Setelah 24 jam pestisida daun pepaya sudah siap untuk digunakan, seperti pestisida nabati lainnya, pestisida dari larutan daun pepaya ini tidak kuat jika disimpan lama, maka sebaiknya segera digunakan setelah selesai dibuat.

Baca juga: Cara membuat Pestisida Alami dari Bawang Putih

Cara Penggunaan Pestisida

Pestisida alami dari daun pepaya sangat efektif bila digunakan untuk membasmi hama tanaman dari jenis ulat dan hewan yang menghisap getah tanaman.

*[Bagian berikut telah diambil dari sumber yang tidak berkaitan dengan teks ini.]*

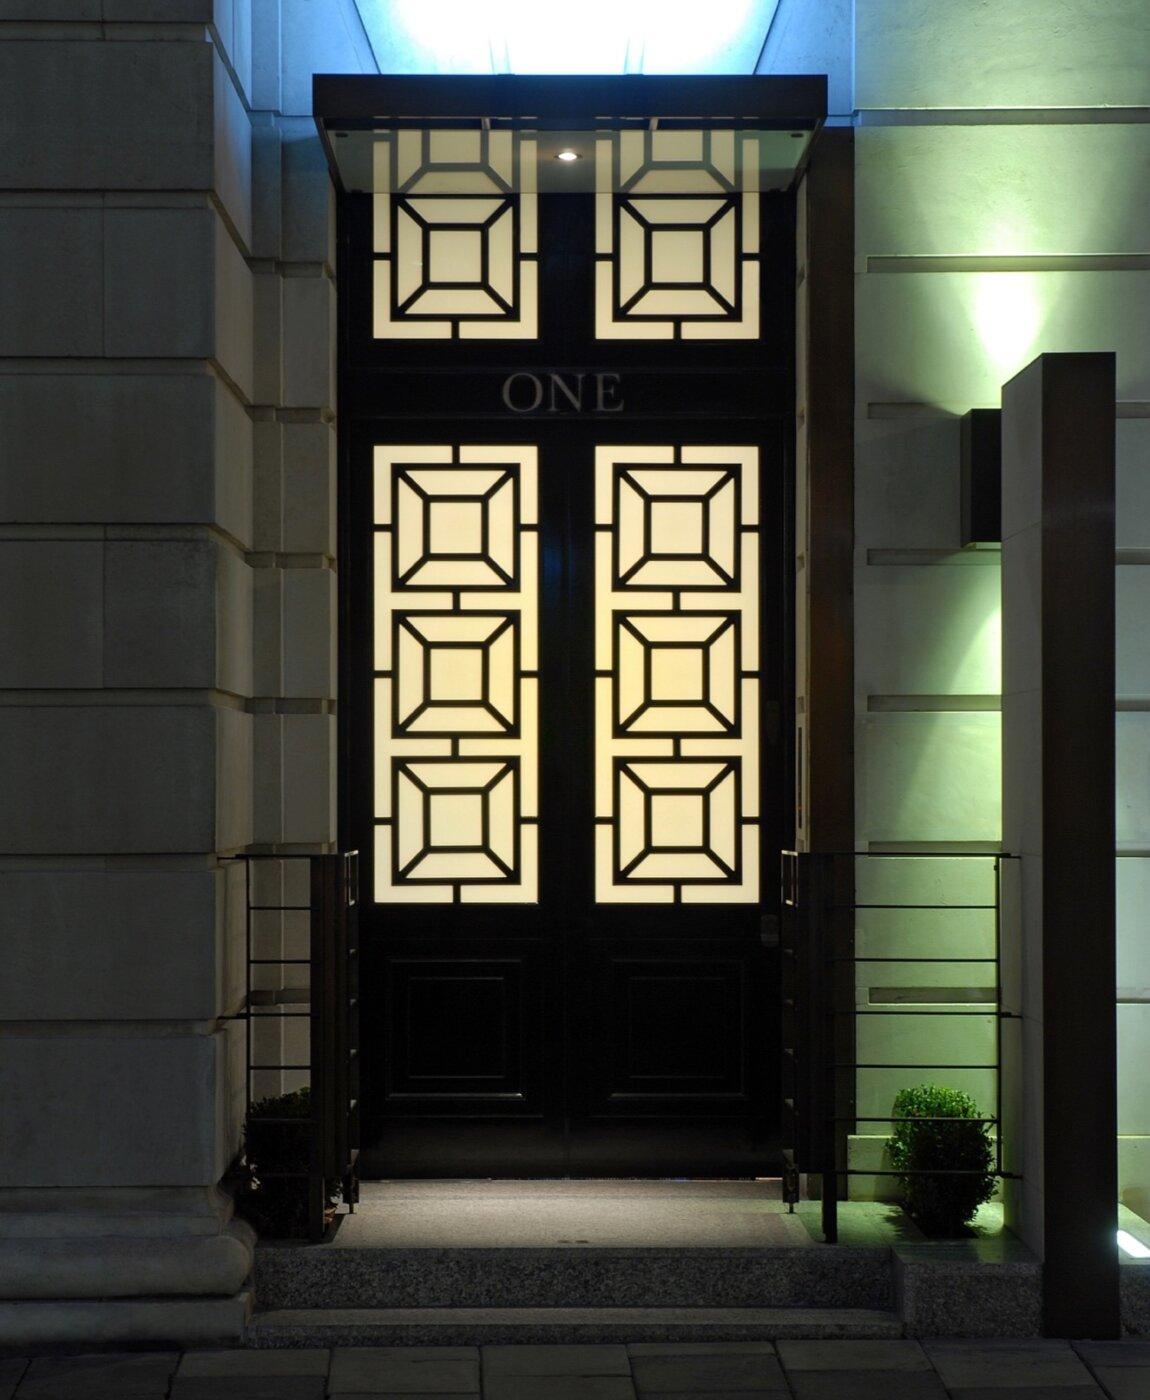 Stratton House, 5 Stratton Street, W1

Papain yang terdapat pada daun pepaya akan membunuh ulat yang memiliki tubuh dari daging lunak, serta membuat kutu maupun hama lain yang suka memakan getah tanaman, menjadi tidak berselera untuk memakan getah tanaman yang sudah disemprot dengan pestisida alami ini

Sebelum digunakan larutan daun pepaya yang sudah jadi perlu diencerkan lagi dengan perbandingan 100 ml larutan dicampur dengan 2 liter air dan diaduk sampai rata, kemudian cukup disemprotkan pada bagian tanaman yang diserang hama, selain itu usahakan saat menyemprot agar pestisida mengenai langsung hama yang berada pada tanaman tersebut. Ulangi penyemprotan dalam jarak sekitar 5 -7 hari sampai hama menghilang.

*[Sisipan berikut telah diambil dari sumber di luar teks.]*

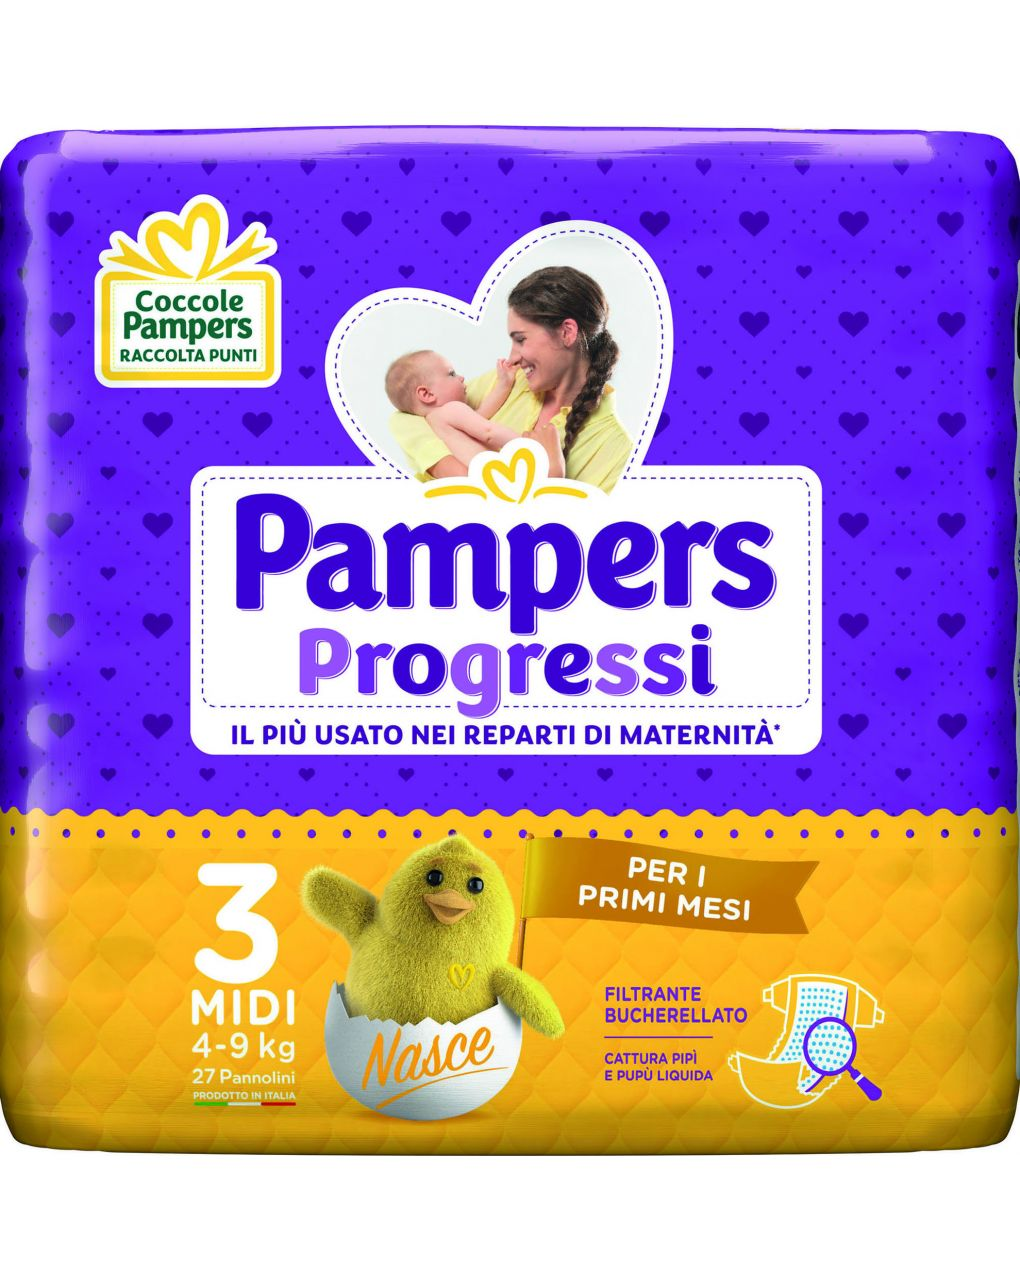 Pampers - pannolini progressi tg. 3 (27 pz) - Pampers

Kekurangan dan Kelebihan Pestisida Daun Pepaya

Bila dibandingkan dengan pestisida sintetis dari bahan kimia, pestisida daun pepaya memiliki kelebihan antara lain :

  • Ekonomis, harga daun pepaya bahan dasar pembuat pestisida ini lebih murah dari pestisida kimia.
  • Ramah lingkungan. Seperti pestisida alami lainnya, pestisida dari ekstrak daun pepaya cepat terurai sehingga tidak mencemari lingkungan.
  • Aman, tidak berpotensi meracuni manusia maupun hewan ternak.
  • Tidak menimbulkan resistensi pada hama (membuat hama menjadi kebal terhadap pestisida).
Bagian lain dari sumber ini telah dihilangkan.